DDR が実施されるようになってから 10 年以上が経ち、既に援助としては新しい概念と
は言えない段階に差し掛かっている。一方、実務家や経験の蓄積は、ようやく行われてき
た段階であるのも事実である。DDR は、複雑な政治・治安状況など、外部要因に多分に影
響されるプロセスである。それゆえ、紛争が再燃し中断された場合は明らかな失敗とされ
る一方、滞りなくプロセスが終了した場合も、平和と安定の観点からは、何を持って DDR
の成功と断言するか、その基準がいまだに曖昧である。和平合意前後の時期は、それまで
断絶していた社会のなかで、それぞれの当事者が前進か後退かを見極めつつ、生き残りを
かける最も不安定な時期である。そのため、主要な紛争に関与した集団を解体し、それぞ
れの当事者を社会に回帰させる作業をこの時期に行う DDR は、それ自体が新たな社会の
再構築を体現するプロセスであるとも言えよう。和平、政治、司法、治安、開発、和解な
ど、紛争を経験した国で避けて通ることの出来ない課題ほぼすべてとの関わりが生じ、時
に軋轢やジレンマを生むのもそのためであろう。
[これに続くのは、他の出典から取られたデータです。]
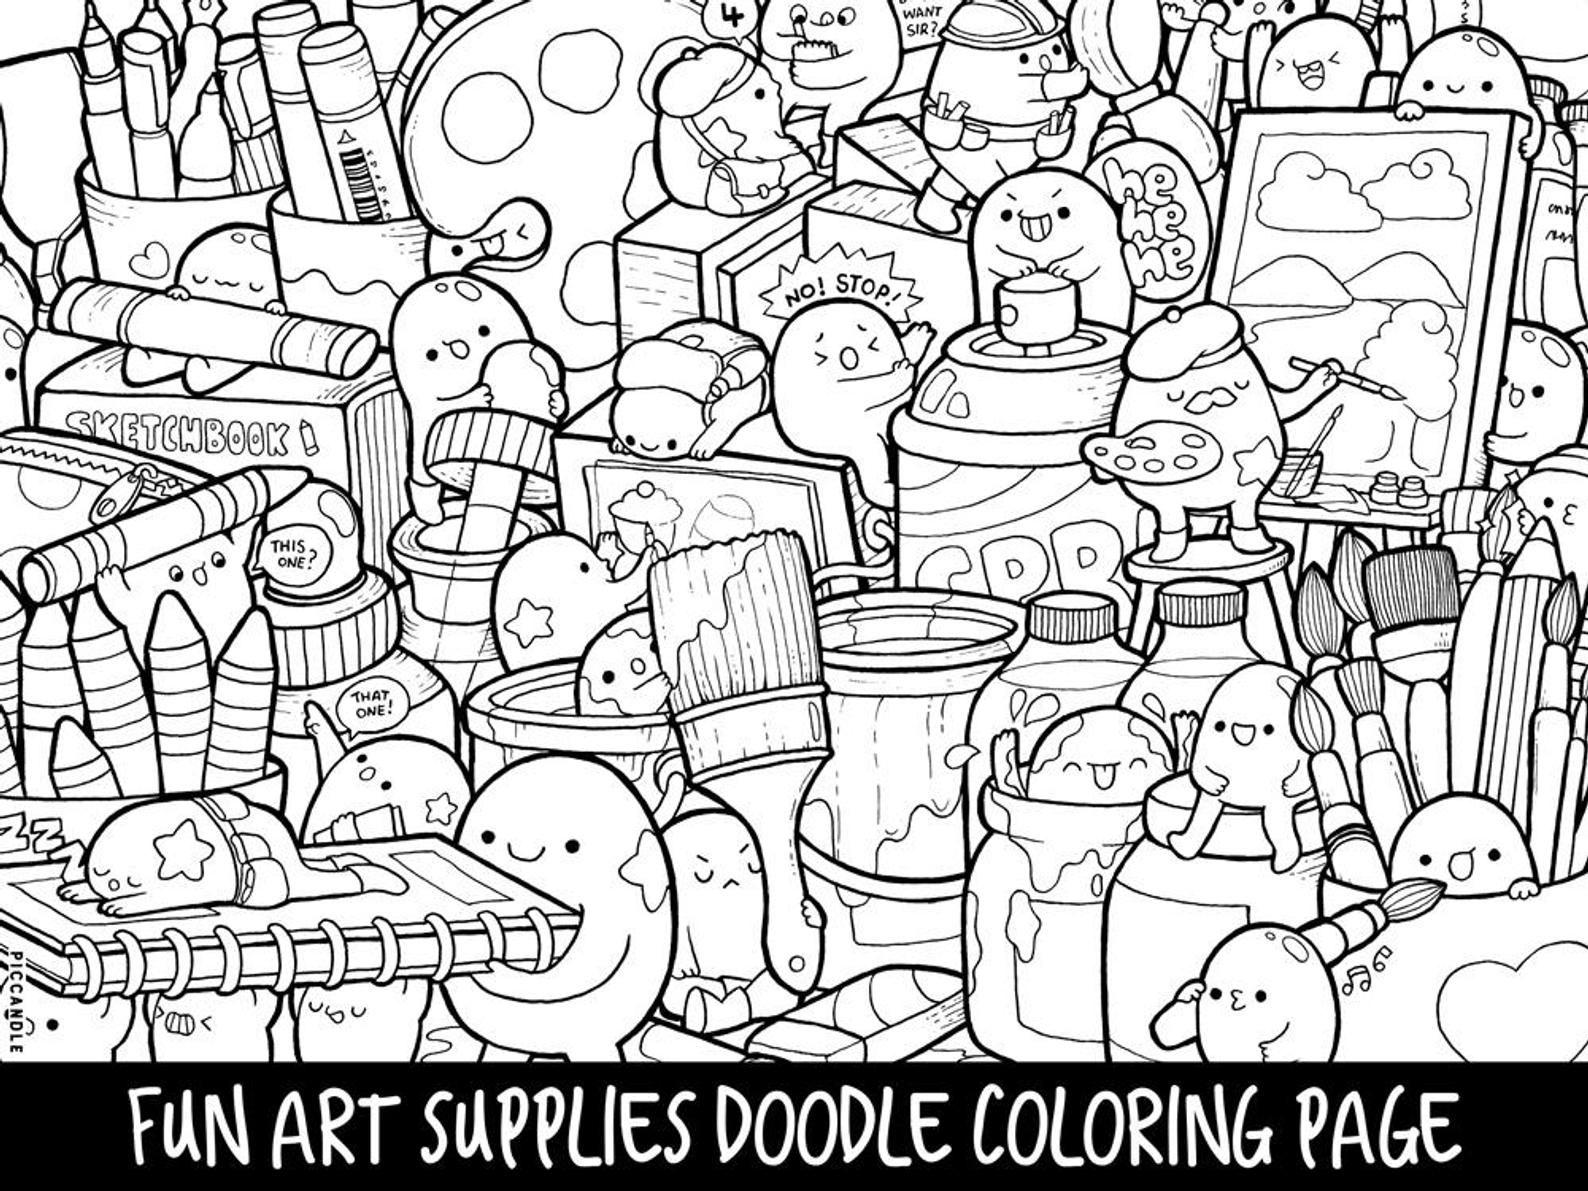 Art Supplies Doodle Coloring Page Printable Cute Kawaii Etsy Doodle Coloring Monster Coloring Pages Kawaii Doodles

そして他の問題との関わりが大きいだけ
に、失敗したときの影響も計り知れないという、諸刃の剣であるとも言える。
DDR をアフガニスタンで実施しなかったら、または日本が主導しなかったら、との仮定
に基づく議論は、既に DDR が日本の主導で行われている現段階においては、代替策が提
示されない限りあまり意味を持たないのかもしれない。一方、今後 DDR を実施するか判
断する際には、状況に応じた適切な検証が十分に行われるべきである。プロセスが失敗し
た際に最も影響を受けるのは、援助機関でもなく、ドナーでもなく、研究者でもなく、意
思決定プロセスに声を届ける機会も限られている現地の住民であろう。
本稿で考察したように、現在実施しうる支援のなかで、DDR は紛争による被害を受けた
社会の最大公約数のニーズを満たす試みであると見ることもできる。しかし、それと同時
に、DDR 以外の支援を引き続き模索し選択肢をふやすことにより、柔軟に紛争や社会の状
況に応じることも求められる。アフガニスタンにおける日本の経験は、日本が今後どのよ
うに紛争と平和の問題に関与していくか、その可能性のひとつを提示する役割を担ってい
る意味で、極めて重要であったと言える。